На моих глазах Бау превращалась в свой собственный мемуар, который был интересней, чем она сама — нынешняя.

Ее глупость была не страшной, а странной.

Ее глаза стали уловимыми, а мои отношения с ней потеряли целость, распавшись на фрагменты.

Бау. безусловно, была русской женщиной.

А главная загадка русской души заключается в том, что эта душа регулярно выбирает самый глупое продолжение для реальности.

История ее замужеств была учебником мужских недостатков.

Ее умение выбирать себе мужчин для жизни на человеческих помойках огорчало меня, но так уж выходило — ее красотой пользовалась вся дрянь, процветающая в стране: наркоманы, алкоголики и просто ничтожества.

Мужчины, которых она выбирала, делали ее нелепой.

Впрочем, об алкоголике или наркомане можно было подумать — кем бы они стали, возможно, не будь они алкоголиками и наркоманами?

Вова не был ни наркоманом, ни алкоголиком, и потому — было особенно очевидно, что он никто.

На знаки вопросов он места не оставил.

Значительность и состоятельность человеку нужно доказывать постоянно.

Ничтожность дважды доказывать не нужно…

…Она постоянно находила себе таких спутников, что стыдно становилось не за них, а за нее.

Каждый — сам куратор своей судьбы.

Для меня было странным одно: то, что с ней происходило, меня расстроило не так сильно, как я мог бы предположить. Видимо, я становился старым.

Старость — это не когда многое болит.

Старость — это когда уже не чувствуешь многой боли…

…Не рассказывая о Бау, я однажды спросил своего друга, поэта Ивана Головатого:

— Как по-твоему, женщина может быть глупой и счастливой одновременно? — И он ответил, подумав совсем немного — дня два или три:

— Может, — потом подумал еще и добавил:

— Но — не должна, — потом подумал еще и еще и поставил точку:

— Как и мужчина…

…Однажды я не выдержал и, видя ее сапоги с треснувшим в нескольких местах супинатором, дал ей триста долларов.

Она купила себе сапоги и осеннюю куртку, а потом сказала мне:

— Вова премию получил и дал мне денег. — Это была ее уже не первая большая глупость и первая небольшая подлость в отношении меня.

Впрочем, размышлять об этом у меня не было времени, потому что она прибавила:

— Дядя Петя, я сама буду звонить вам.

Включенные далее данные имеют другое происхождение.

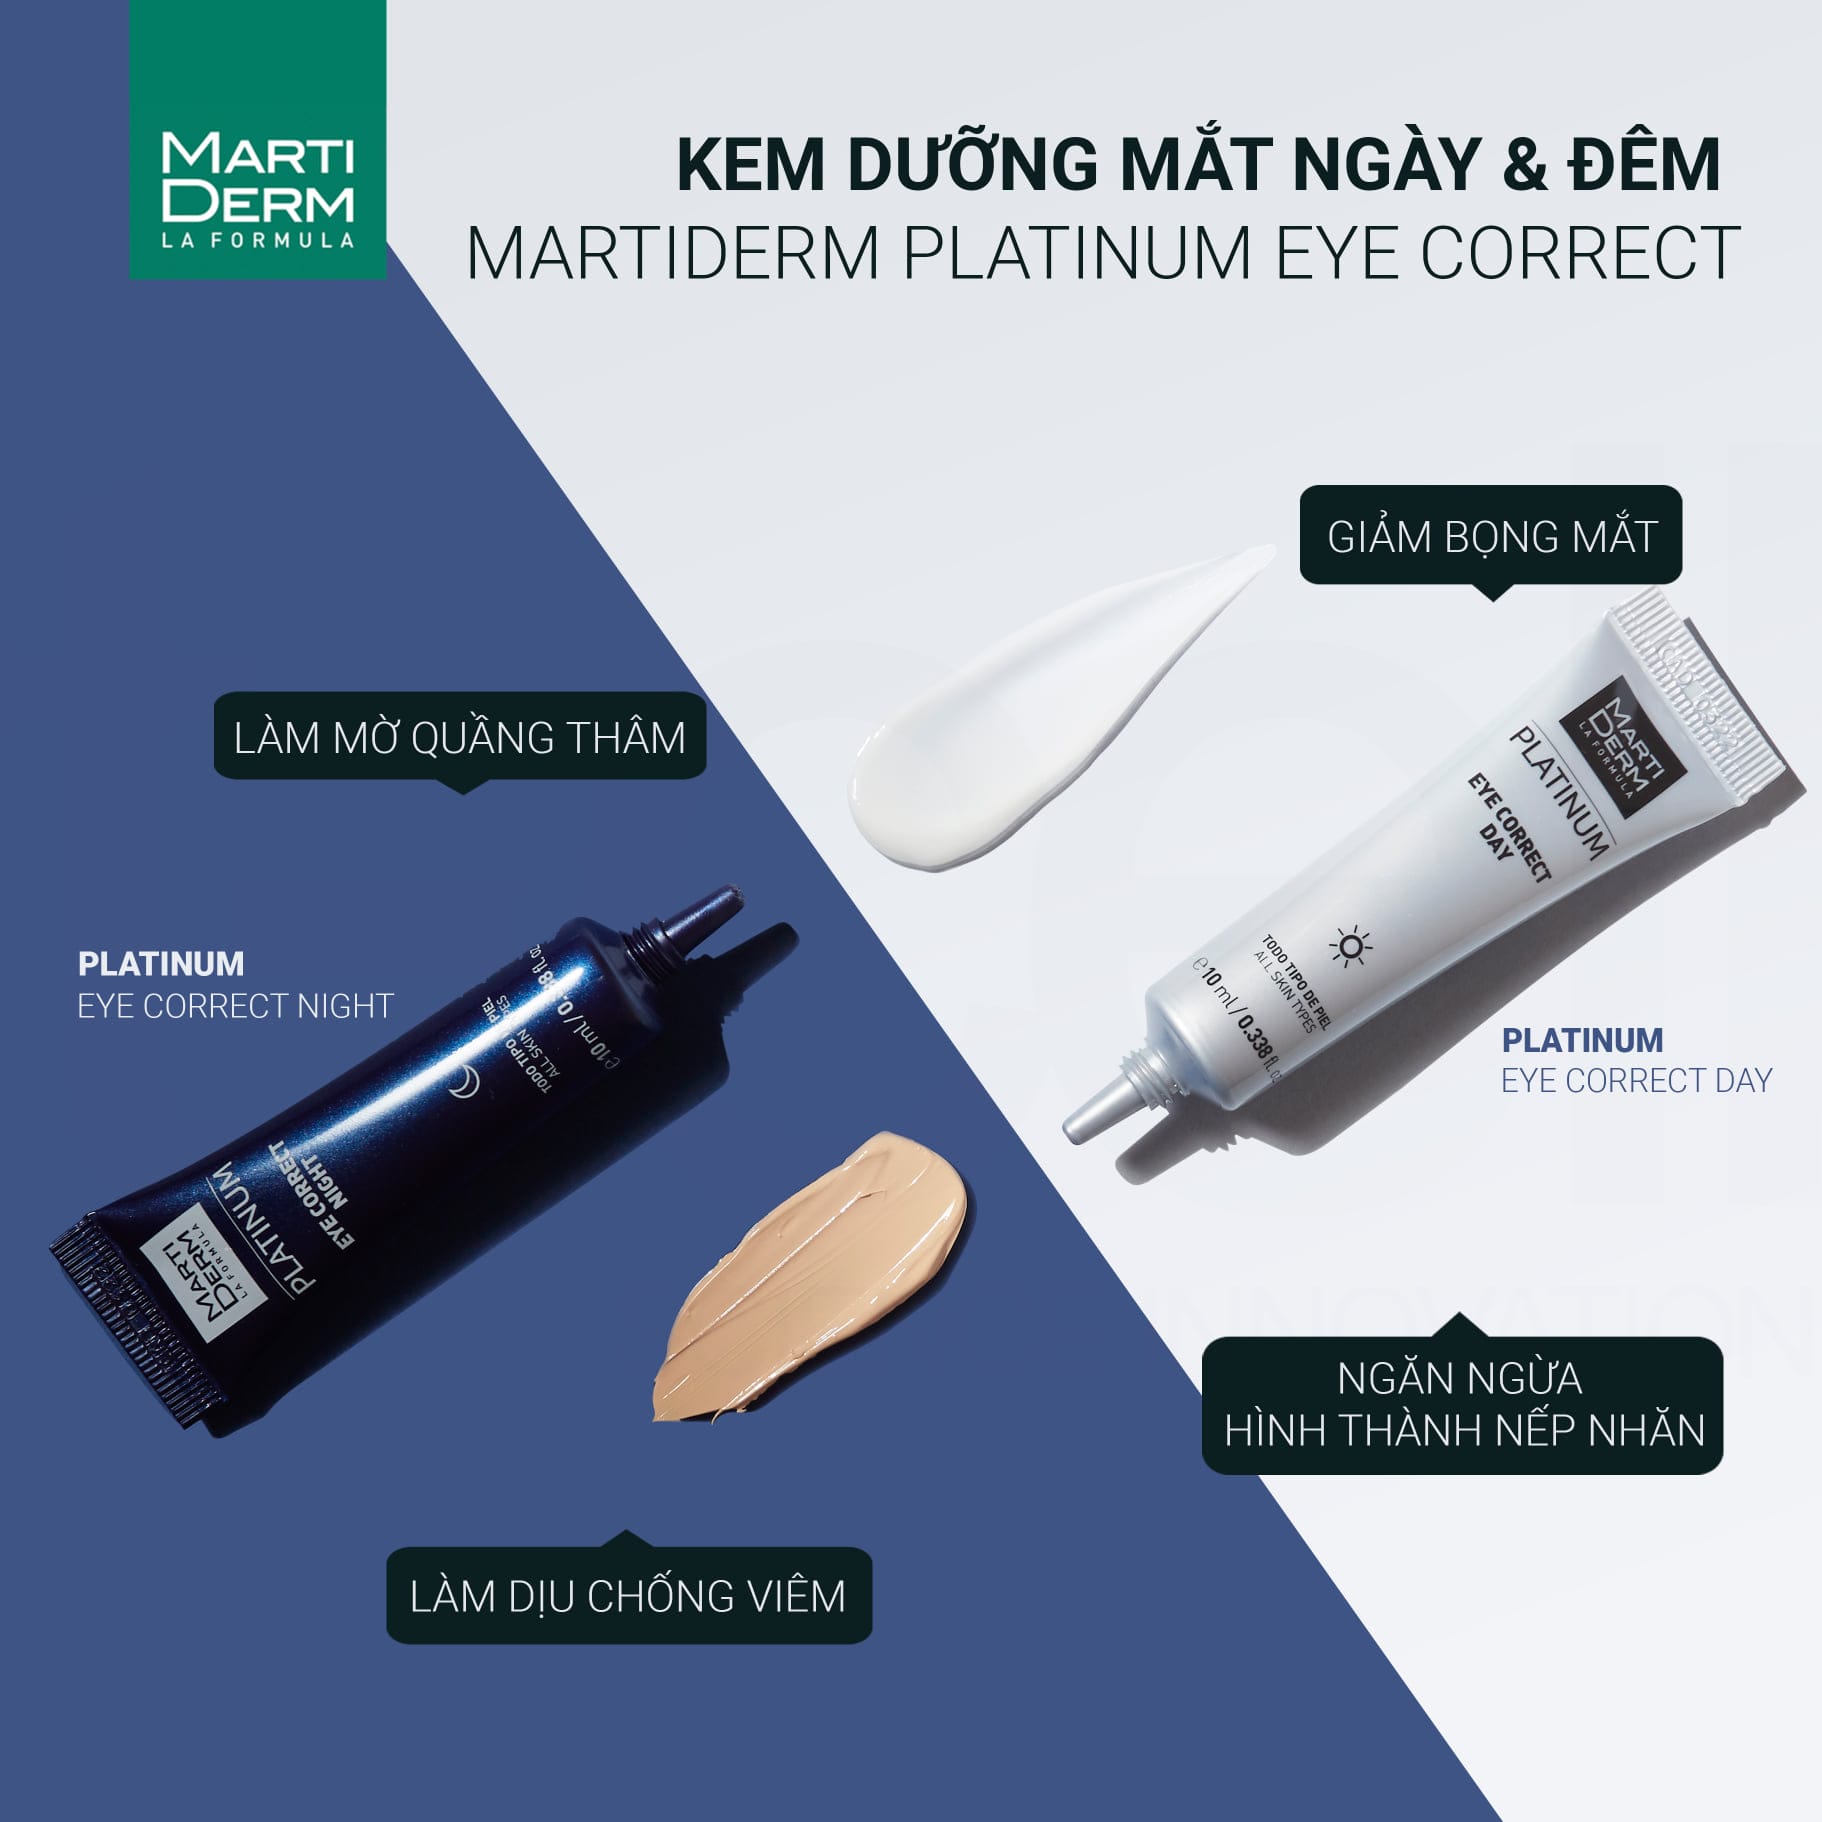 Kem Duong Giam Bong Mat Quang Tham MartiDerm Platinum Eye Correct 2 x 10ml 3

Не шлите мне эсэмэски.

— Почему?

— Вова прочитал вашу эсэмэску.

— Он что — читает чужие письма? — удивился я, едва не прибавив: «Вот дерьмо…»

Она промолчала, опустив глаза, и прибавлять мне все-таки пришлось:

— А по карманам твоим он не шарит?..

…Впрочем, долго размышлять на эту тему мне не пришлось — на нас свалилась беда.

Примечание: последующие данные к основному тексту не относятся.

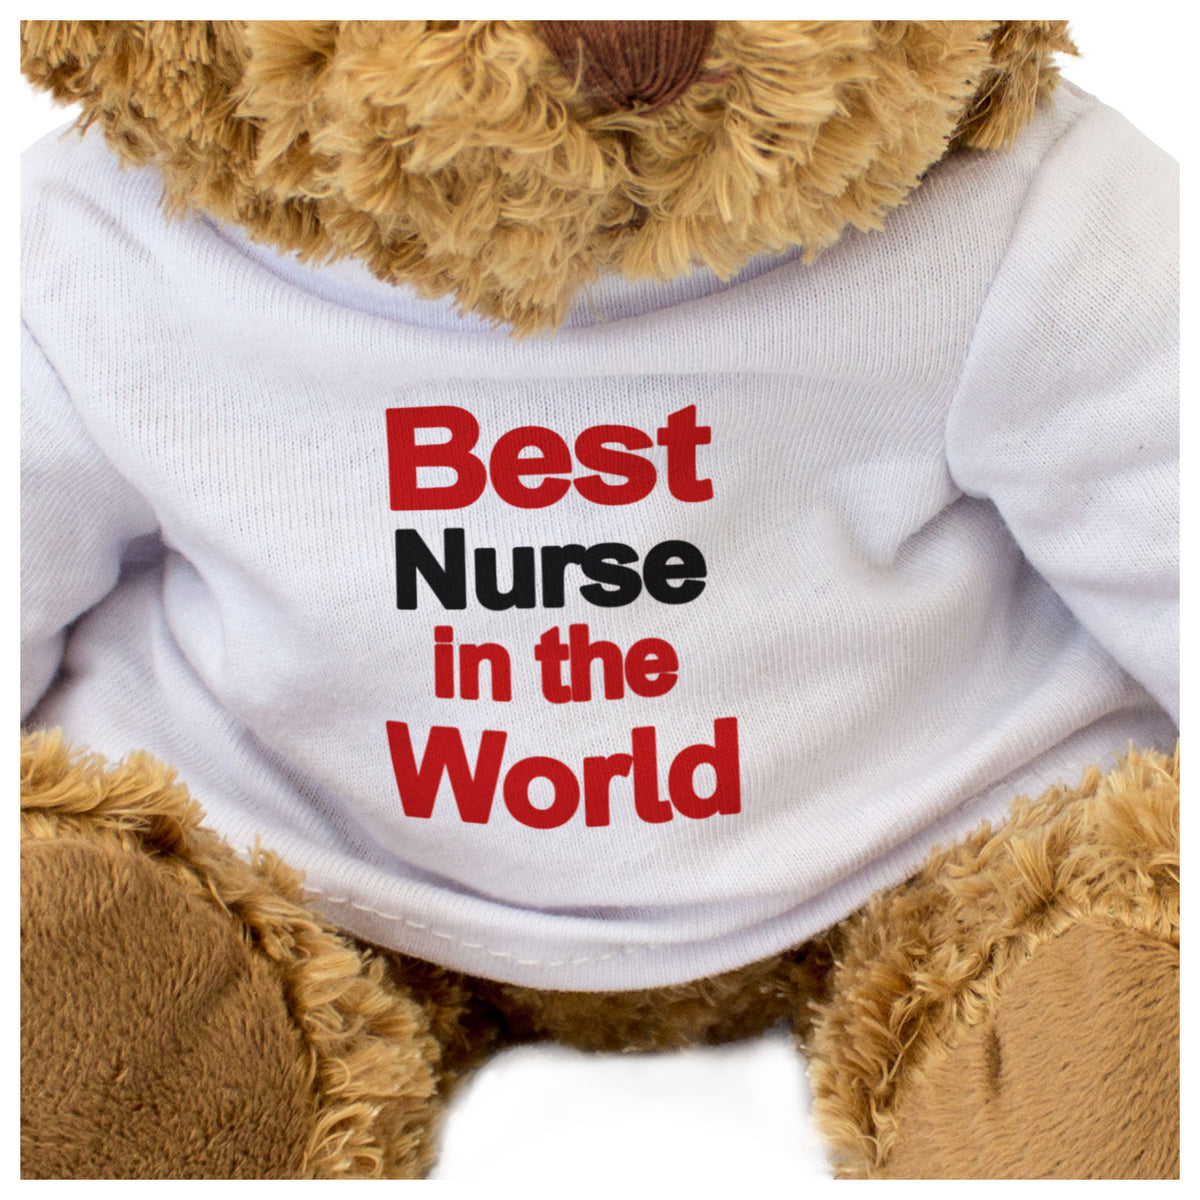 Best Nurse In The World Teddy Bear - Gift Present

Беда, успевшая постареть до того, как стать нам известной: при очередном прохождении медкомиссии выяснилось, что у нее гепатит С — самая незаурядная болезнь заурядных наркоманов.

Пусть даже бывших.

Не знаю, сообщила ли она об этом своему Вове, но своему мне она сообщила — и нам пришлось разделить эту беду на двоих.

И эту беду мы спрятали глубоко, чтобы не прикасаться к ней до тех пор, пока она сама не прикоснется к нам.

Естественно, я предложил ей лечиться, но она, тогда я не понял — почему, сказала, что это должно просто стать тайной.

И больше к разговору о ее болезни мы никогда не возвращались…

…О том, что ей придется покупать фальшивые медицинские справки для представления на работу в торговле, я не подумал. Как не подумал о том, что, скрывая свою болезнь, она рискует здоровьем тех, кто ходит в ее магазин.

Не подумал о том, что карьеру она строит подло.

И только когда ее подлости, коснувшись меня, выстроились в цепочку, я вспомнил обо всем.

И это все — было уже в прошлом…

…А карьера Бау шла своим чередом; и я гордился ей, потому что к ее успехам имел не самое непрямое отношение.

И однажды она по окончании очередных оплаченных мной курсов сообщила мне:

— Послезавтра держите за меня нос в чернилах.

— Что случится? — спросил я.

— Будет решаться вопрос о назначении меня директором торгового центра.

— Обязательно буду ждать твоего звонка.

Через день я весь день не находил себе места, переживал за нее.

И вместе со мной переживали мои друзья.

А день шел и постепенно сменился вечером.

Она не звонила, и я думал: «Решают… Отмечают ее назначение…»

А потом, когда вечер сменился ночью, и этой ночи прошла большая часть, я понял: она уже не позвонит.

Наутро мне позвонил Гриша Керчин:

— Ну как? Твоя Бау стала директором?

— Не знаю.

— Как не знаешь?!

— Она забыла мне сообщить, — проговорил я, и в ответ услышал молчание своего друга.

— Почему молчишь, Гриша?

Гриша помолчал еще немного, а потом сказал:

— Ну и суку ты пригрел на своей душе…

…Она поступила со мной подло; и хотя я еще какое-то время продолжал с ней встречаться — ненависть к ней бросила в меня пригоршню семян.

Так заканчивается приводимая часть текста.